三回目でママ講師が自分の経験を話すのも途中で決めたことで、二回目までで少女たちの悲しい過去をかいま見たママたちが、自分たちも思い切って経験を赤裸々に語ろうと決めたのだそうだ。びっしり埋まったシートを見て、そんな過去があったと互いに知って驚いたほどだったという。

少女たちの張りつめた心を溶かそうと、ママ講師たちが本気になったのだ。だから泣き出すほどのキツイ過去をさらけ出す気になり、お別れが名残惜しくなった。1時間ずつ、たった3時間の触れ合いが、赤ちゃんを介在させることで濃密な時間になり、互いの心のガードを外すことができたのだと思う。

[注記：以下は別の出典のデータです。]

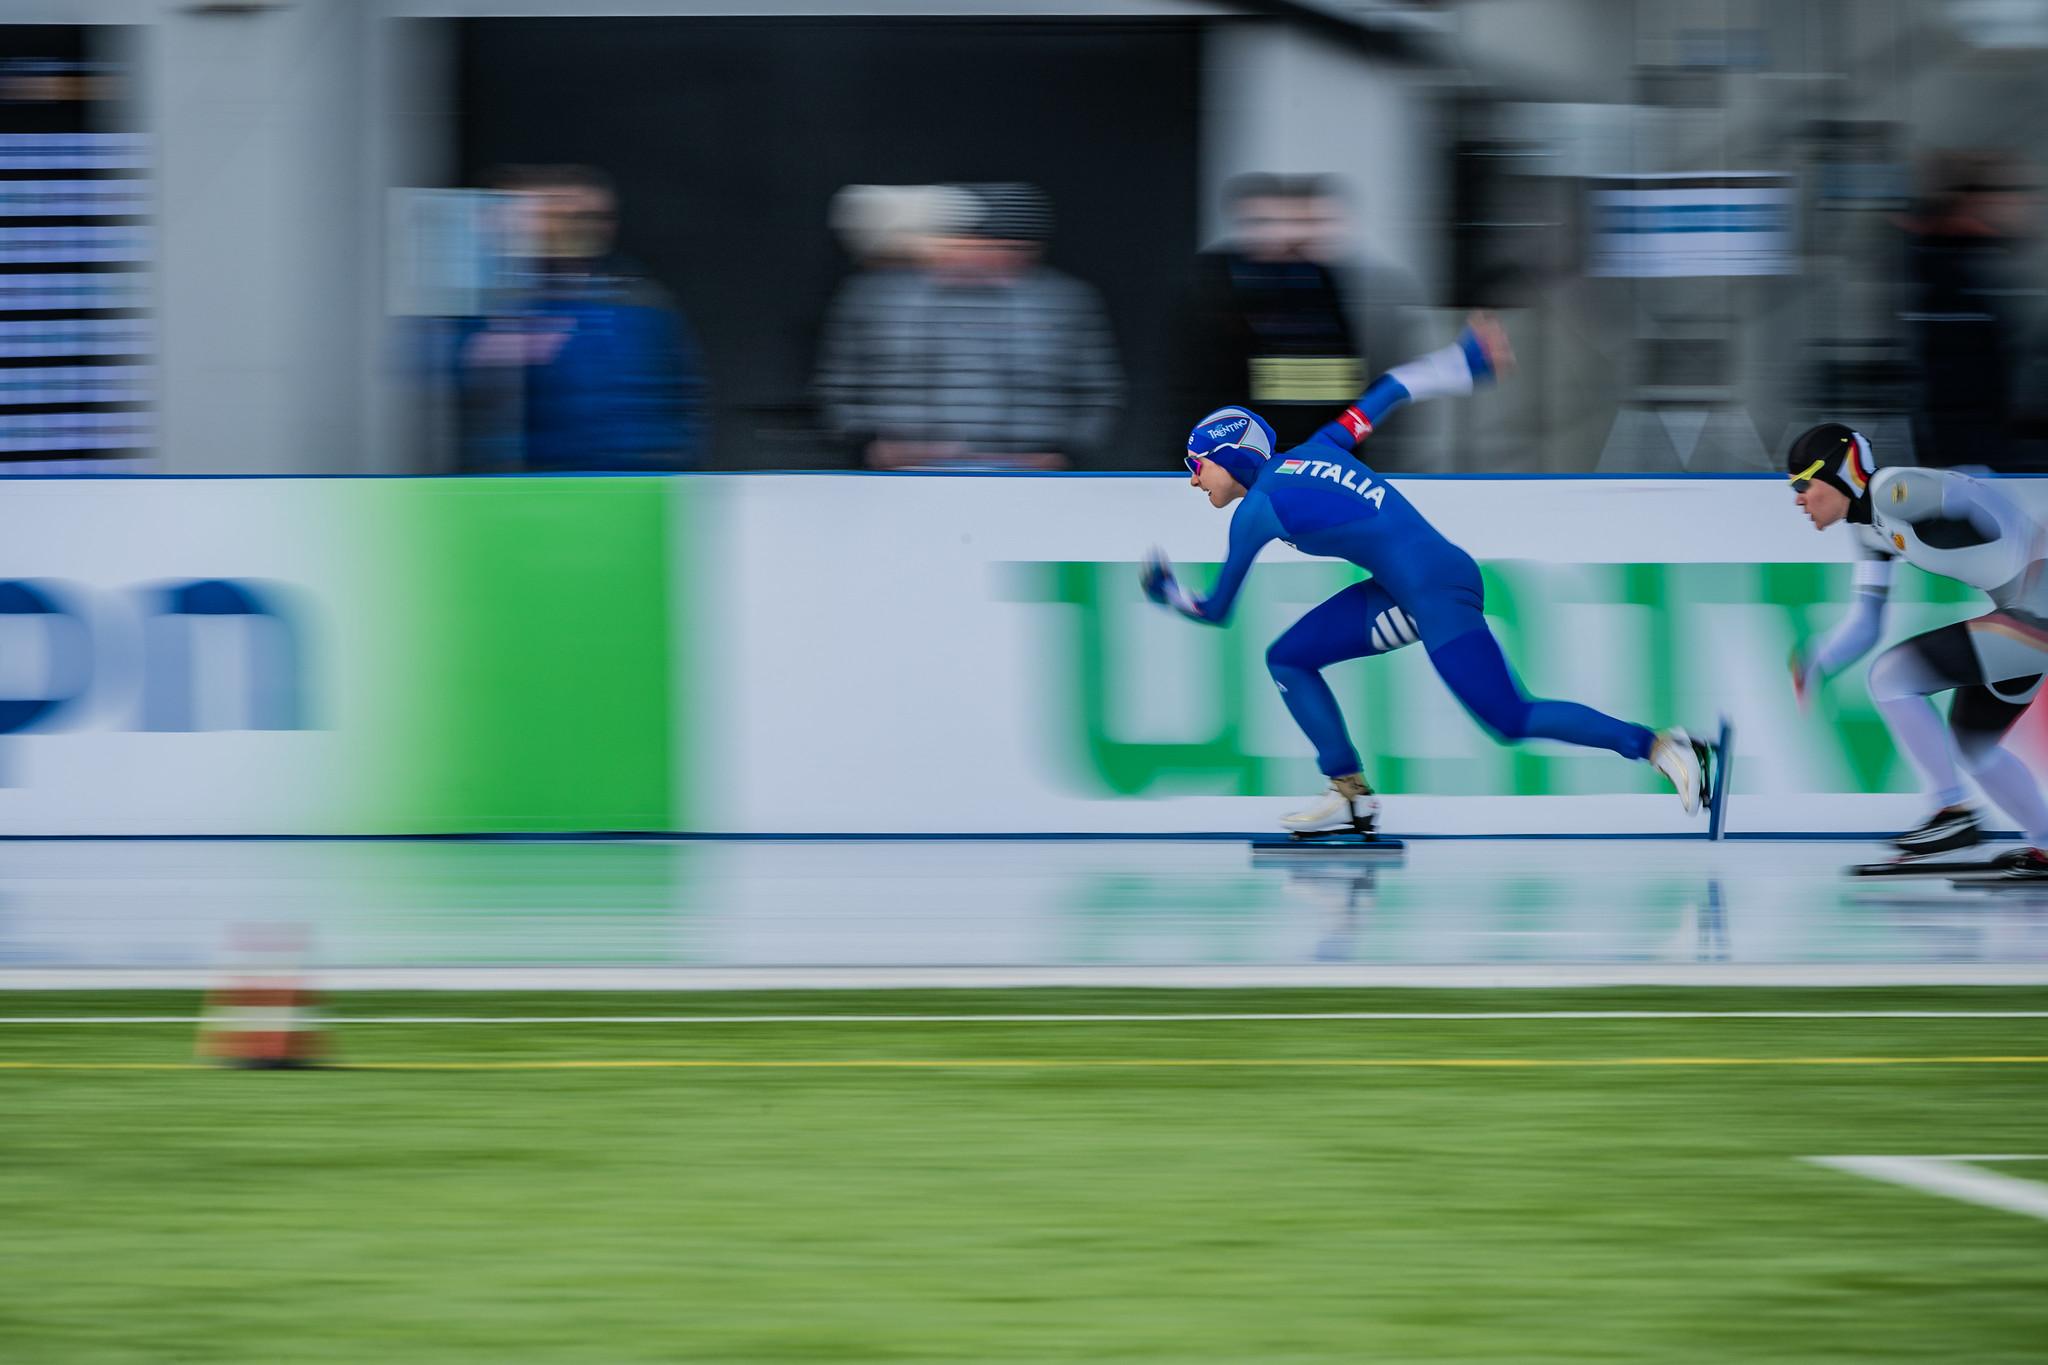 全日本ジュニアスピードスケート選手権2021結果速報・日程

赤ちゃん先生とママ講師が、もしここにいる少女たちと、ともに暮らす存在だったら、と私は想像した。もっとたがいに距離の近い、小さなコミュニティでともに暮らしていたとしたら、そして少女たちが罪に問われるような行動に走る前に赤ちゃんやママと触れ合っていたら。彼女たちは手前で思いとどまったのかもしれない。私たちがいまよりもっと小さくて距離の近いコミュニティで暮らしていた頃は、きっと少女の一時期のささくれ立った心も包み込むことができていたのではないだろうか。そこに赤ちゃんがいることが何より、少女たちのブレーキになっていたのではないか。

赤ちゃんはただ幼き存在であるだけでなく、幼き存在だからこそコミュニティの中で重要な役割を果たしていたのかもしれない。赤ちゃんの社会的な存在意義というものをもっと我々は認識すべきなのだろう。赤ちゃん先生を取材するたびに感じてきたそのことを、女子少年院の今回の取材でさらに強くはっきり認識することができた。赤ちゃんとママが本来持っていたそんなパワーを、現代社会がもっと生かすことを考えるべきなのだと思った。

赤ちゃん先生が少女たちの更生に効く可能性

貴船原少女苑での赤ちゃん先生の導入は、実は教官の中に育休中にこの活動に参加した方がいて、提案したことによるそうだ。小学生やお年寄りに赤ちゃん先生がもたらす影響を体験して、少女たちの更生にも役立つかもしれないと考えたのだそうだ。その効能を知っていたからにせよ、よく提案したものだと思うし、受け入れた上司の皆さんもよく認めたものだと感じた。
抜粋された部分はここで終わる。